START The data
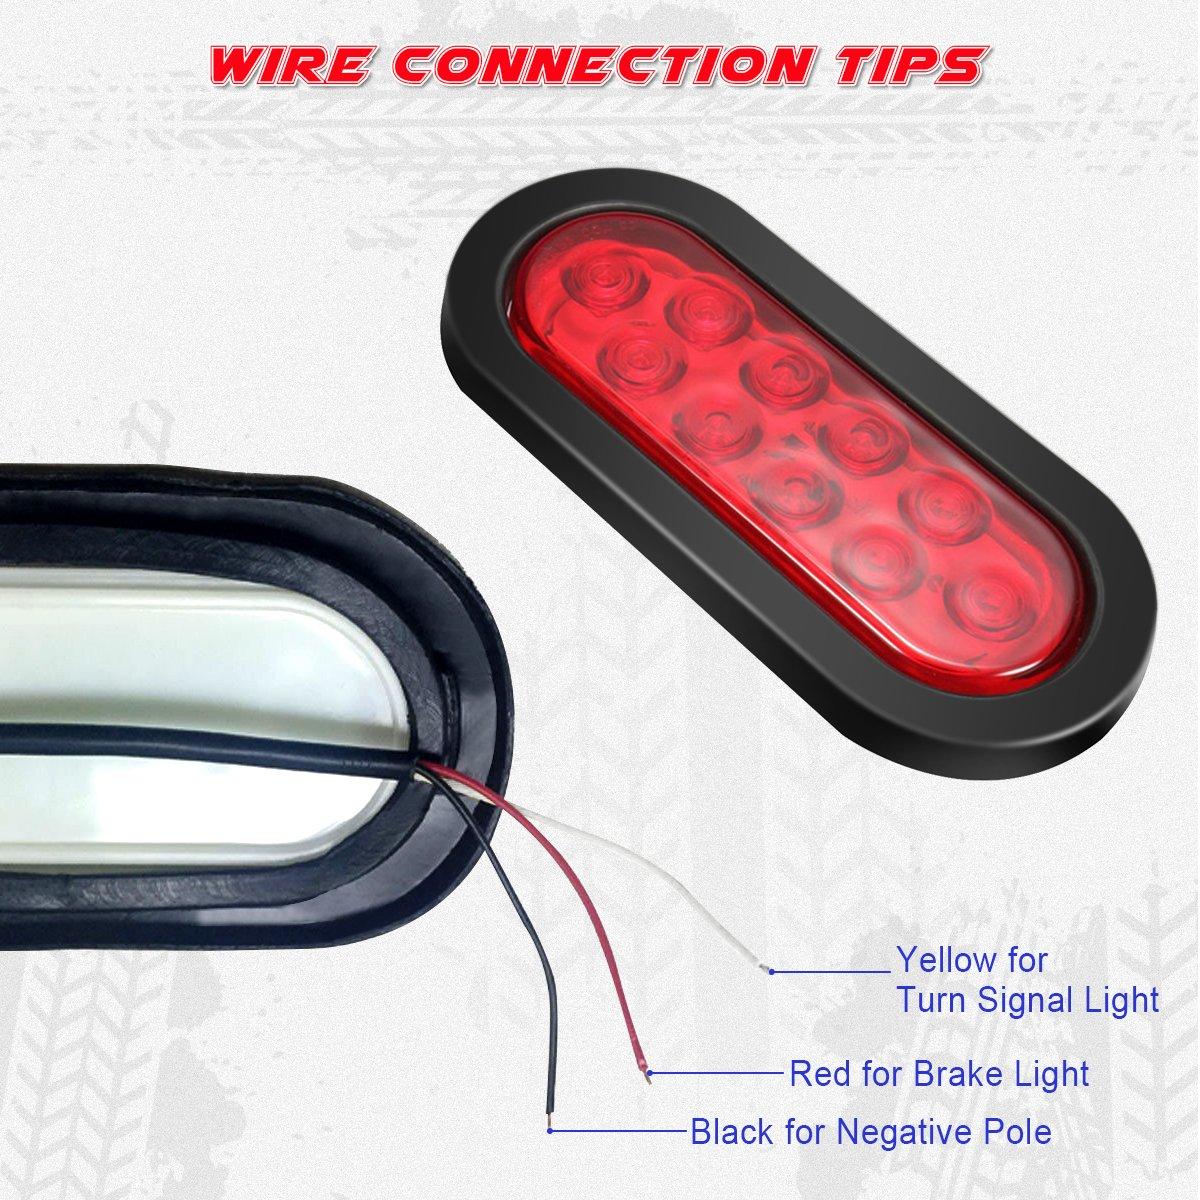 Audew 2Pcs 6-inch Oval LED Trailer Tail Lights Red Brakes//Marker Lights for Truck,Boat,Trailer,Bus,IP65 Waterproof,DC 12V
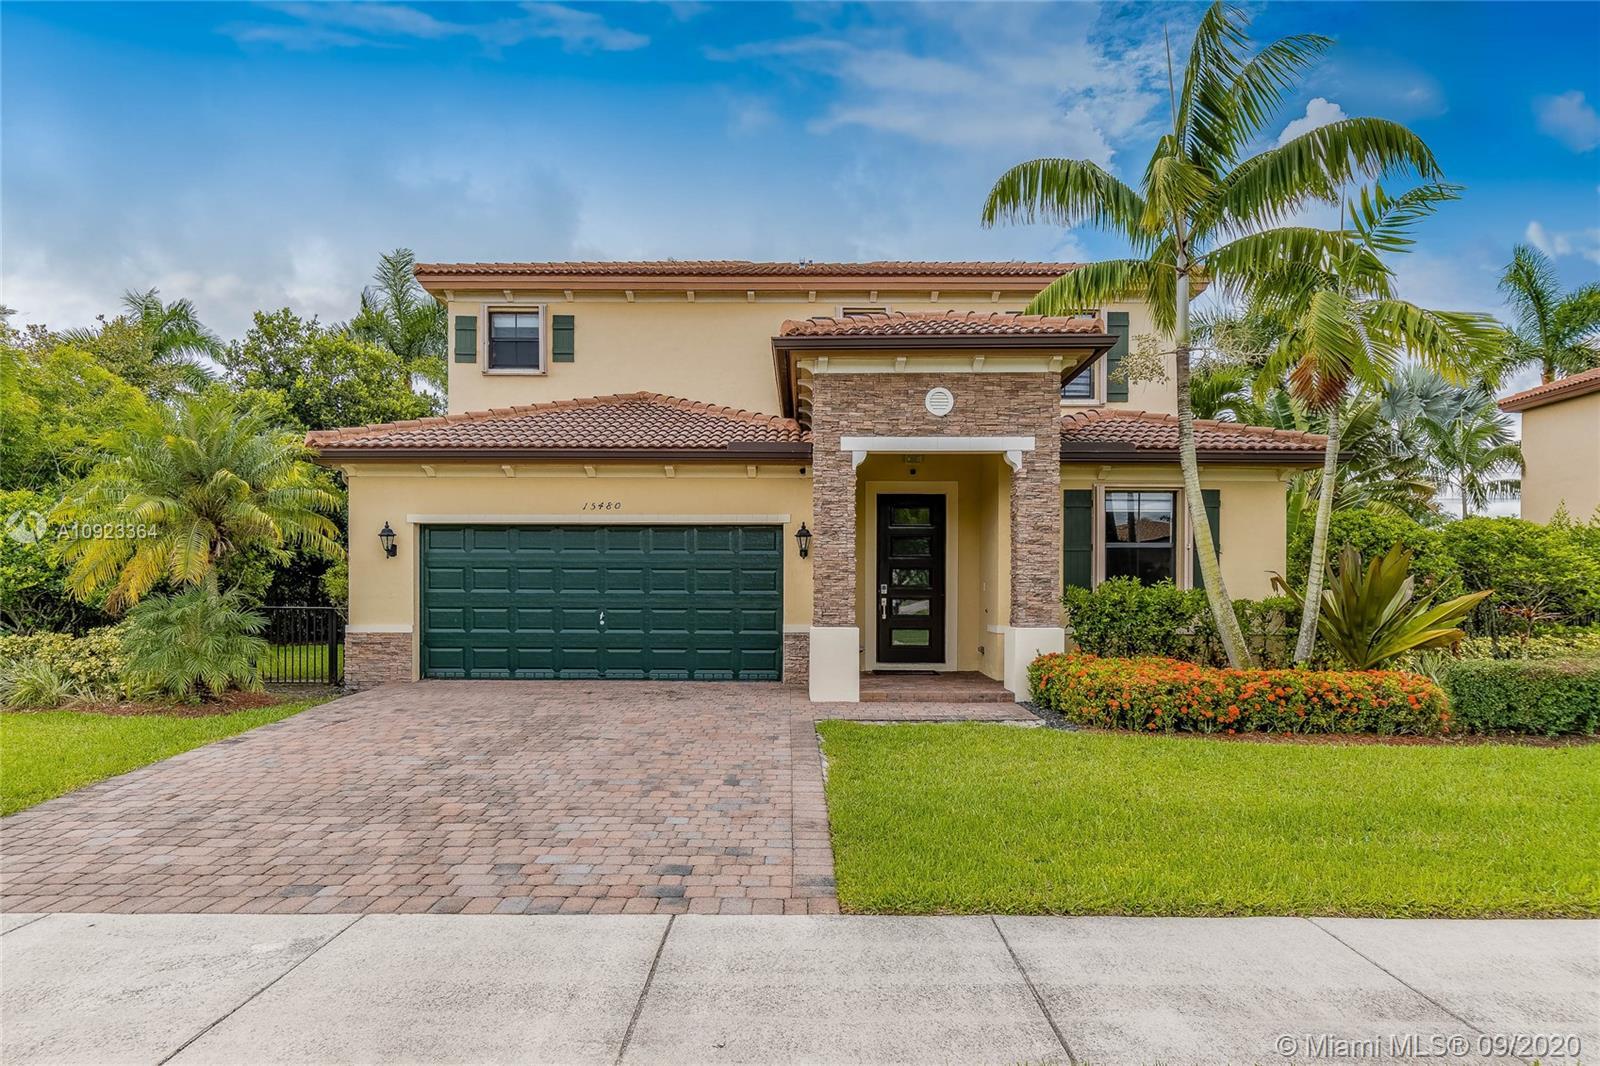 Hammocks - 15480 SW 119 Terrace, Miami, FL 33196
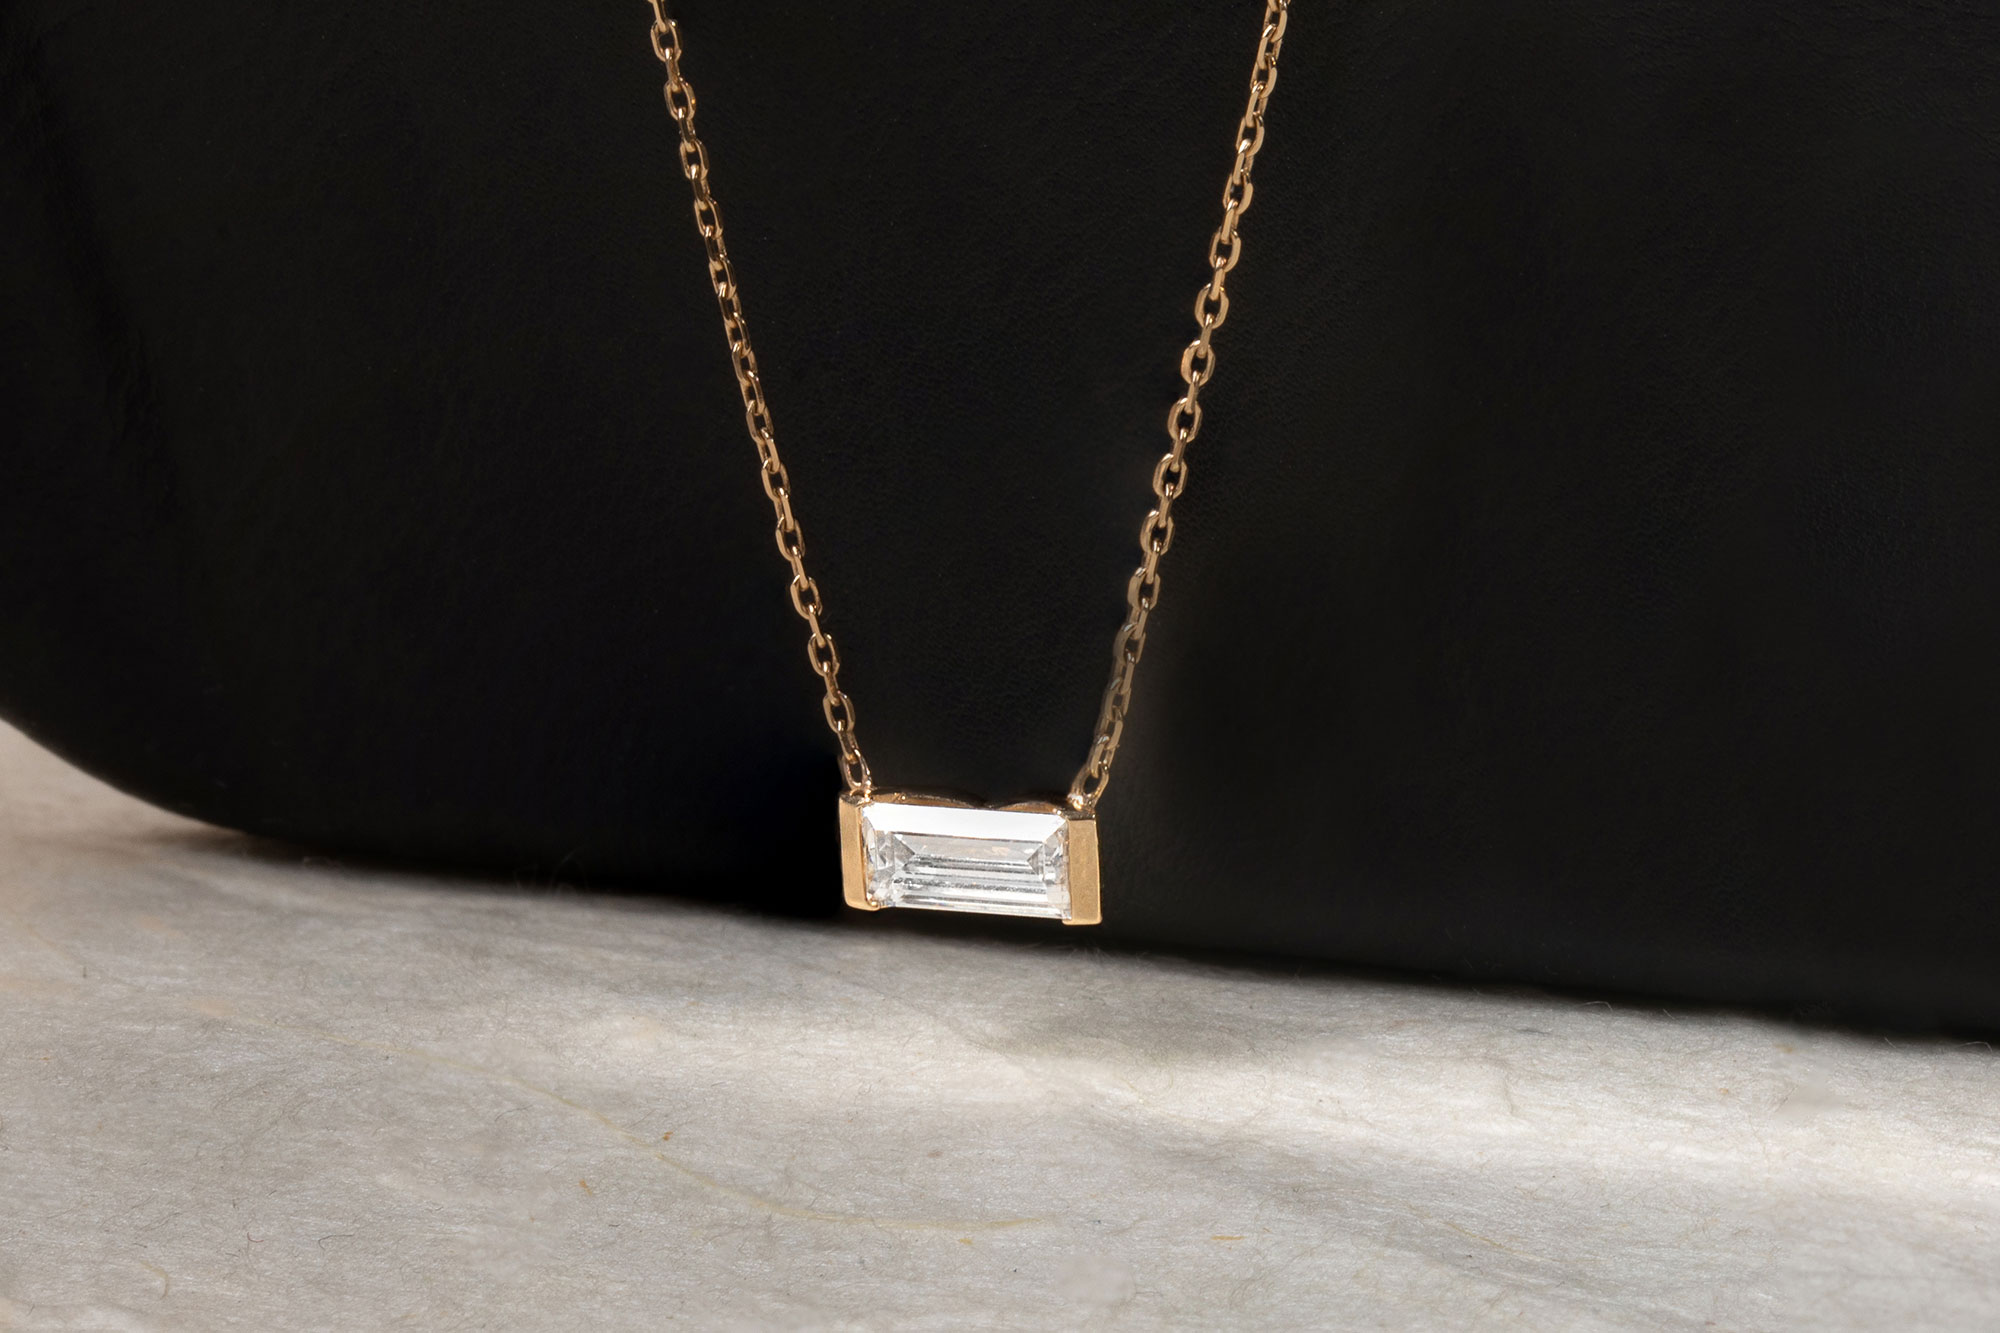 Yellow gold baguette semi-bezel necklace
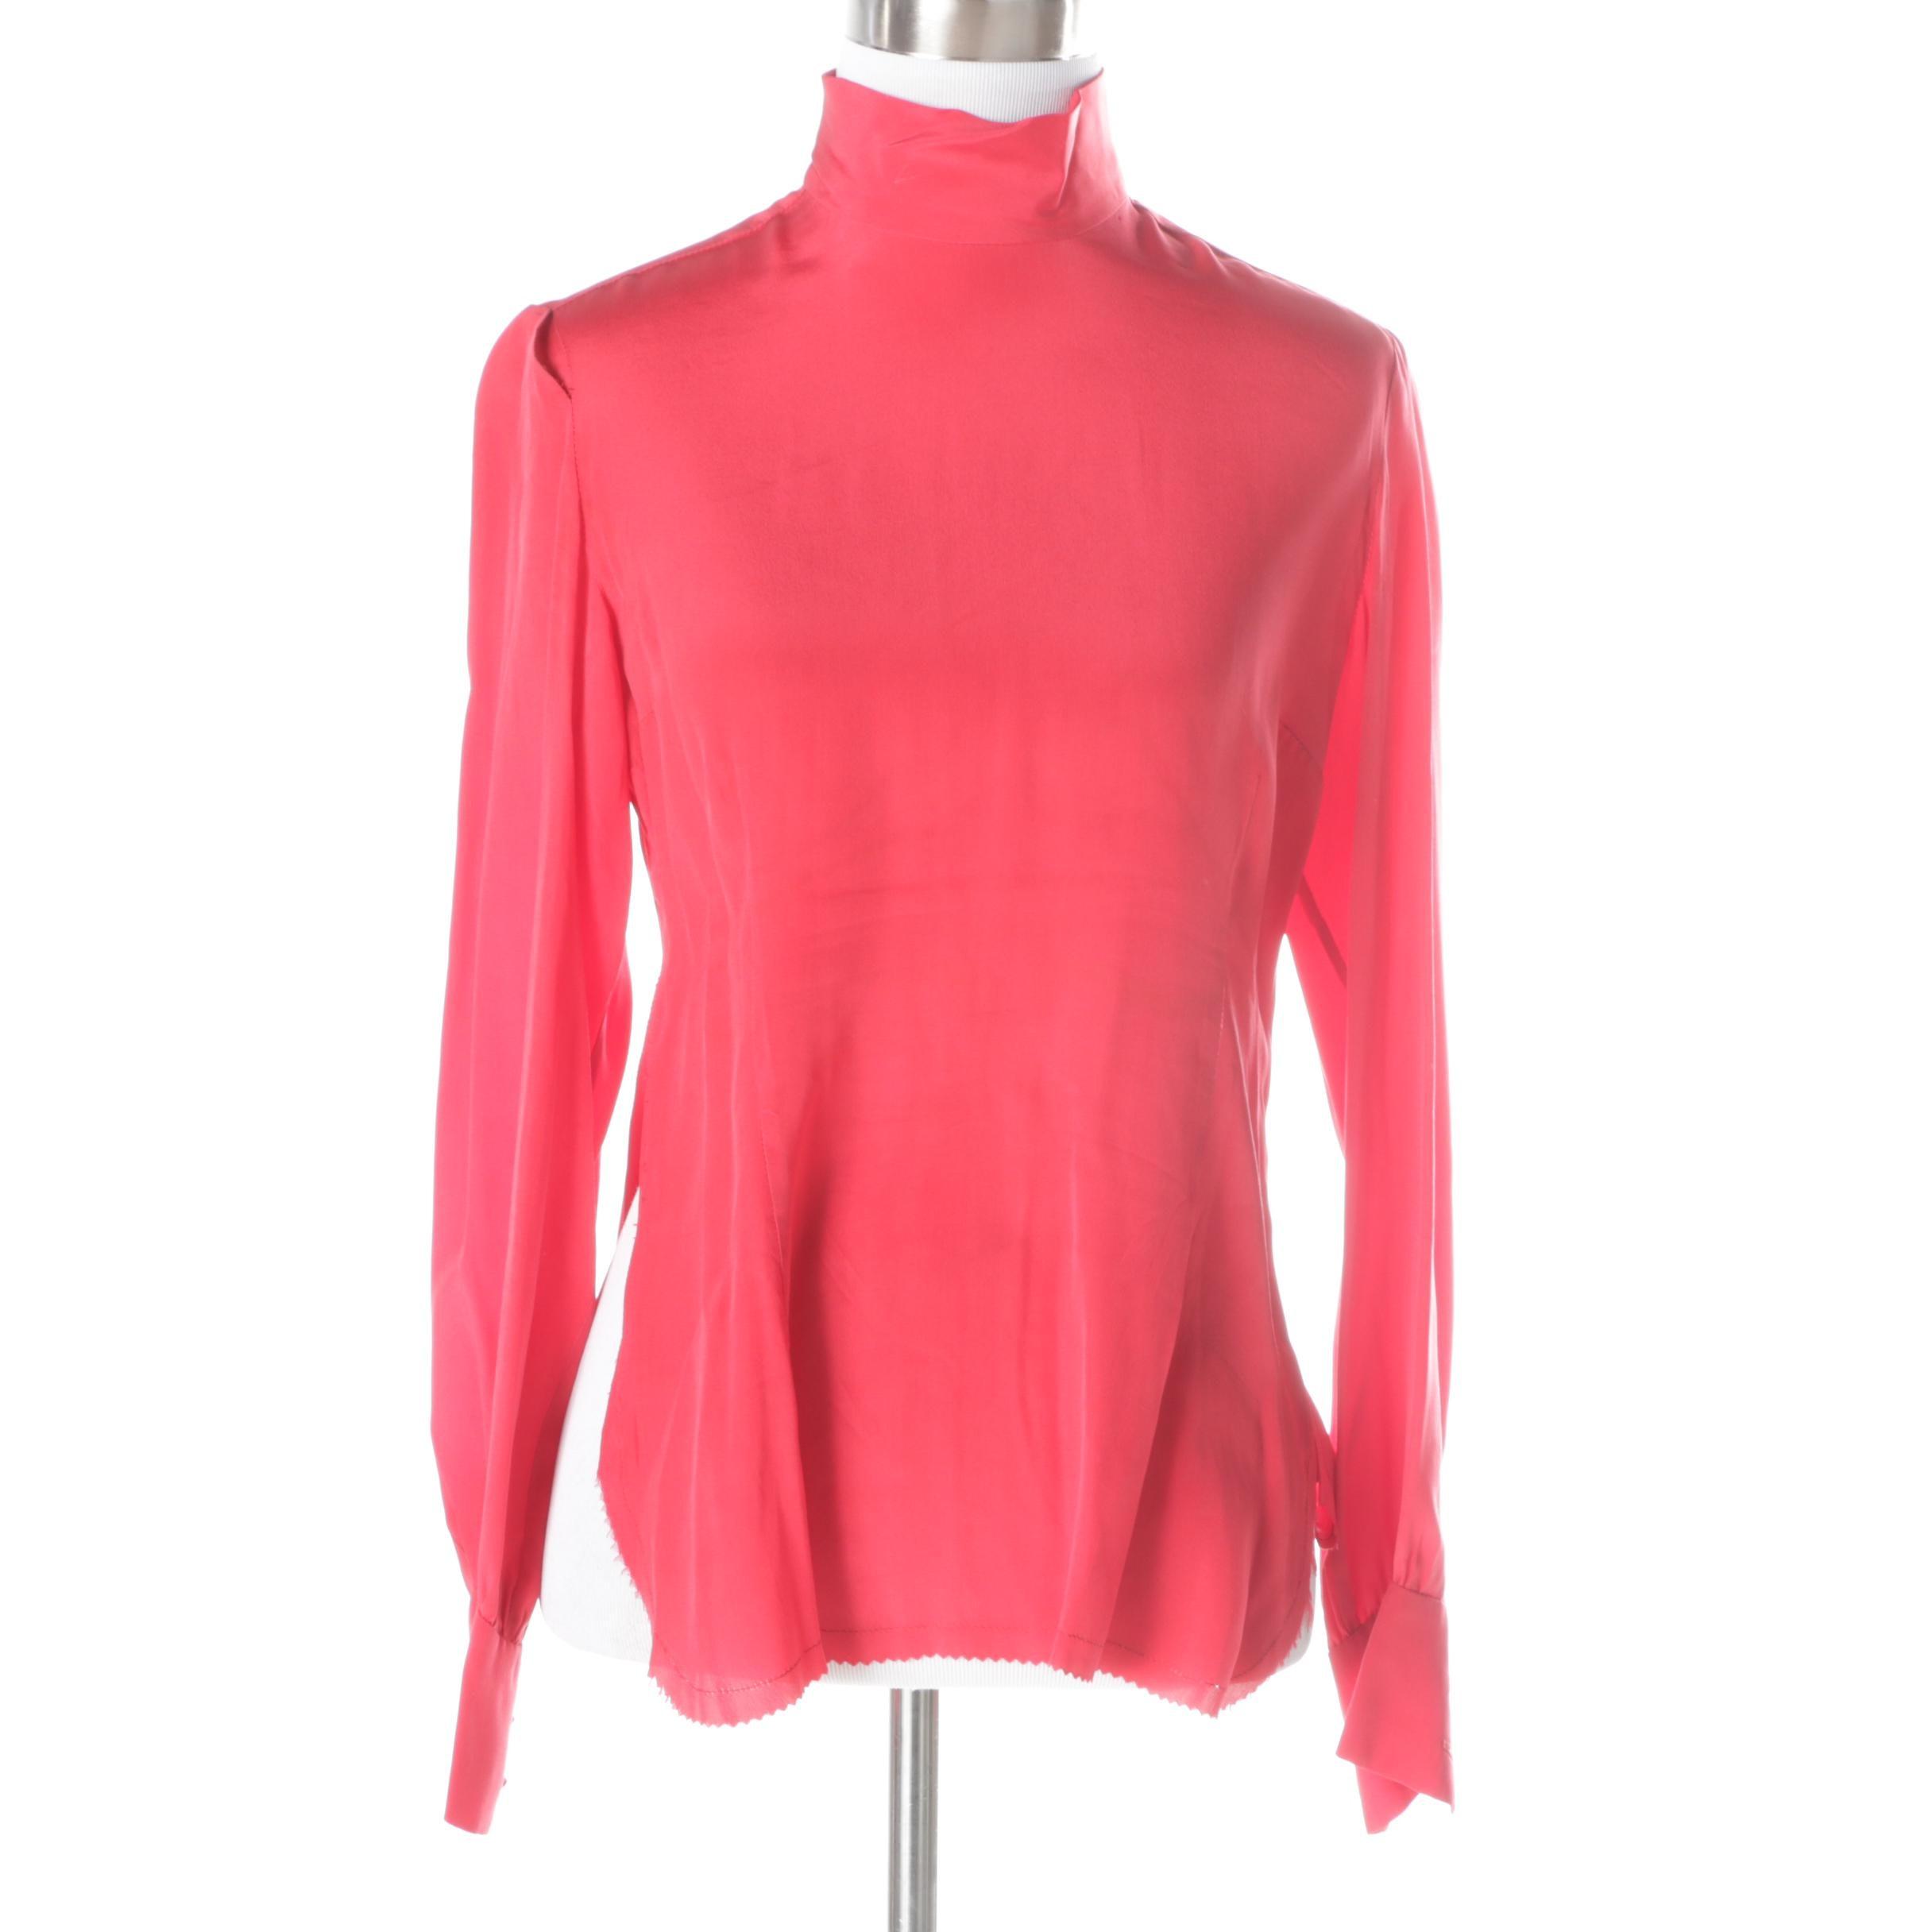 Vintage Cardinali Silk Top
END The data
| Work request |
Give back each line above exactly, with pictures dropped.

| Solution |
 Audew 2Pcs 6-inch Oval LED Trailer Tail Lights Red Brakes//Marker Lights for Truck,Boat,Trailer,Bus,IP65 Waterproof,DC 12V
 Hammocks - 15480 SW 119 Terrace, Miami, FL 33196
 Yellow gold baguette semi-bezel necklace
 Vintage Cardinali Silk Top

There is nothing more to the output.